Much the in same way that all of the other hoppy styles of beer have undergone a transformation in recent years, the double is no exception. There are New England-style Double IPAs that exist where hops are added during fermentation to impart a more aromatic and juicy profile In contrast, the West Coast styles add hops to the boil to impart flavor and bitterness.
It is clear that many breweries fall into one of the two camps of old school vs. new school. But there are some that combine the two with fantastic results. By using new era hops like Citra and Mosaic which impart citrus and tropical fruit flavors along with more traditional varieties like Cascade, these hybrid beers are juicy at the start, but have a smack of bitterness on the end that excite the palate.
These beers are often so extreme that they exude a “go big or go home” sensibility.
Port Mongo Double IPA; $14/16oz 4 pack, 98 points. This offers a lively combination of key flavors in a manageable high alcohol package. Clear and bronze in color, it has a classic biscuit malt backbone and threads of pine hops that evolve to a pleasing herbal bitterness that emerges midpalate and eventually gives way to a soft clementine finish.
Pure Project Double Dust Double India Pale Ale; $23/ 16oz 4 pack, 97 points. This is brewed with a ridiculous amount of juicy hops, throttled by a high alcohol content. Hazy yellow with a big, pillowy head, it offers swirls of citrus zest and fermented pineapple in the glass, with orange rind and more tropical fruit flavors adding to the mix. This is an IPA for when you throw your cares to the wind and go all in on haze.
SweetWater Trainwreck Hazy Double IPA; $12/ 12oz 6 pack, 97 points. Brewed with extracted terpenes, this IPA is working to bridge the gap between beer and cannabis, and it does so quite well. Dank aromas of pungent pine needles, it has a soft body that carries a sweet candied citrus flavor, with a prick of bitterness converging on the dry finish. There is a lot to unpack in this beer and emptying a glass is a fun mental exercise herbal, oily aromas.
Drowned Lands Spring Terra Double IPA; $20/16oz 4 pack, 97 points. Pale and bright straw in color, this offers pleasing aromas of lemon curd and spun confectioner’s sugar. Sip after sip, it comes across as light and airy despite the amped up alcohol. It’s like a warm ray of sunlight that lands on an otherwise nippy spring day.

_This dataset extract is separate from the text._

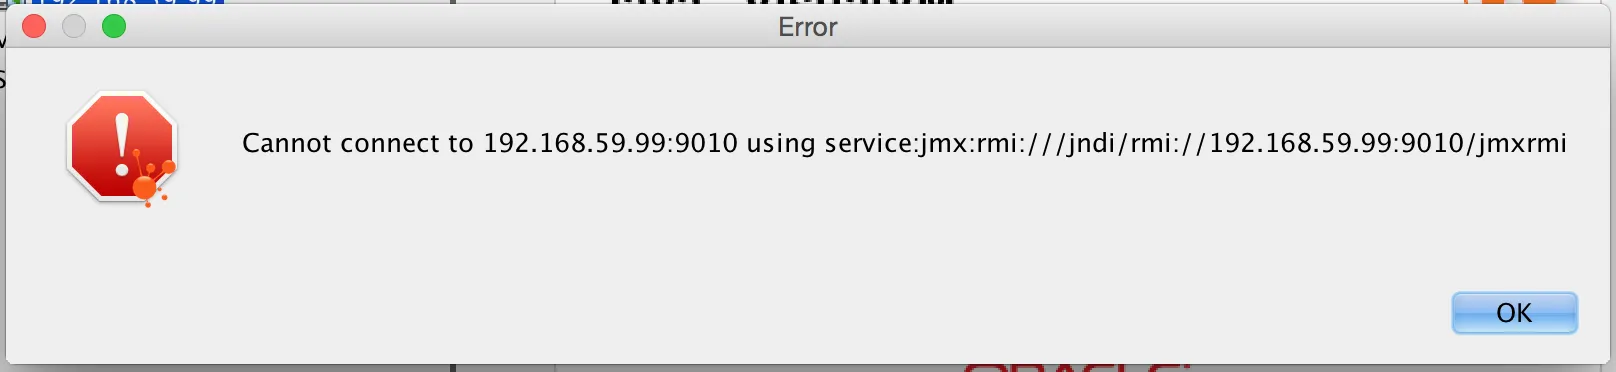 Error Message given by jvisualvm

Parish Ghost in the Machine Ale; $14/12oz 4 pack, 97 points. It takes some time for this hazy, pineapple-juice cocktail of a beer to truly reveal itself. It is bursting with fruit notes of mango and papaya, layered with orange peel and tangerine on the earthy wheat body. The hop bitterness grows as the glass empties, but it is such a slow process that the nature of the hops never overpowers.

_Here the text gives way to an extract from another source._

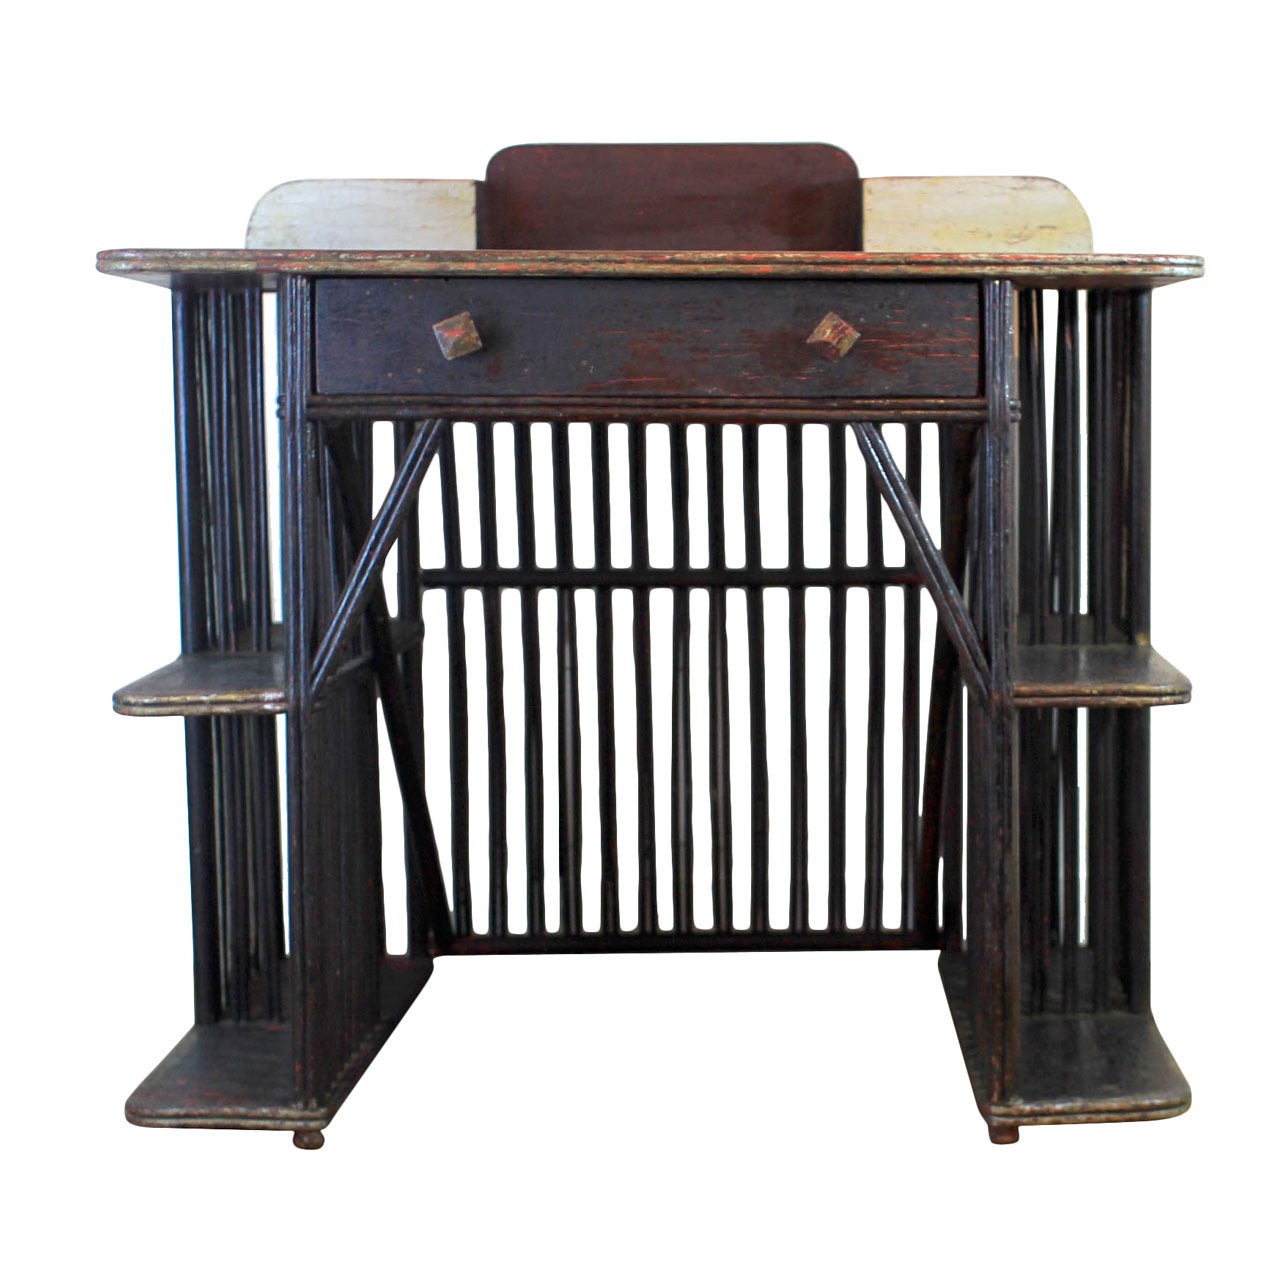 Early 20th Century Rustic Desk

Mad Fritz The Eagle’s Nest Double India Pale Ale; $32/750ml, 96 points. This starts with an assertive orange hop profile that is given a rustic flair thanks to French oak aging. The citrus flavors follow through to the palate, weaving in some sticky sap notes and just a hint of bitterness on the end. Its alcohol content is well hidden among its sweet malt backbone.
Stone Viking Space Probe Double IPA; $19/12oz 6 pack, 96 points. There seems to be a fascination with the heavens by brewers these days, and this beer is right in trend. Starting with aromas of coconut and guava, these tones mingle on the juicy palate, with a spicy pineapple zing on the finish.
Tröegs Nimble Giant; $14/16oz 4 pack, 96 points. Clear and golden in color, at first this beer reveals itself to be light and refreshing, but then the alcohol content kicks in. It offers flavors of orange, tangerine and a slight dusting of plum, with a light bitterness on an otherwise dry finish. This annual release from the brewery is just right to start and end a proper evening of beer drinking.
Wallenpaupack Lake Haze #10 Hazy Doulbe IPA; $18/16oz 4 pack, 96 points. Brewed with Sultana, Sabro and Trident hops, this kicks off with aromas of lime and orange zest. It has a soft and pillowy body, with subtle layers of tropical fruit, coconut and vanilla. A cold can of this is downright refreshing on a boiling hot day.
Reuben’s Triple Crush Hazy India Pale Ale; $20/16oz 4 pack, 96 points. This is smooth and tangy in tart lime and lychee tones, with a hints of passion fruit and orange popping up. All these tones shine on their own and are spokes that connect to a light-colored yellow hazy body with a full mouthfeel.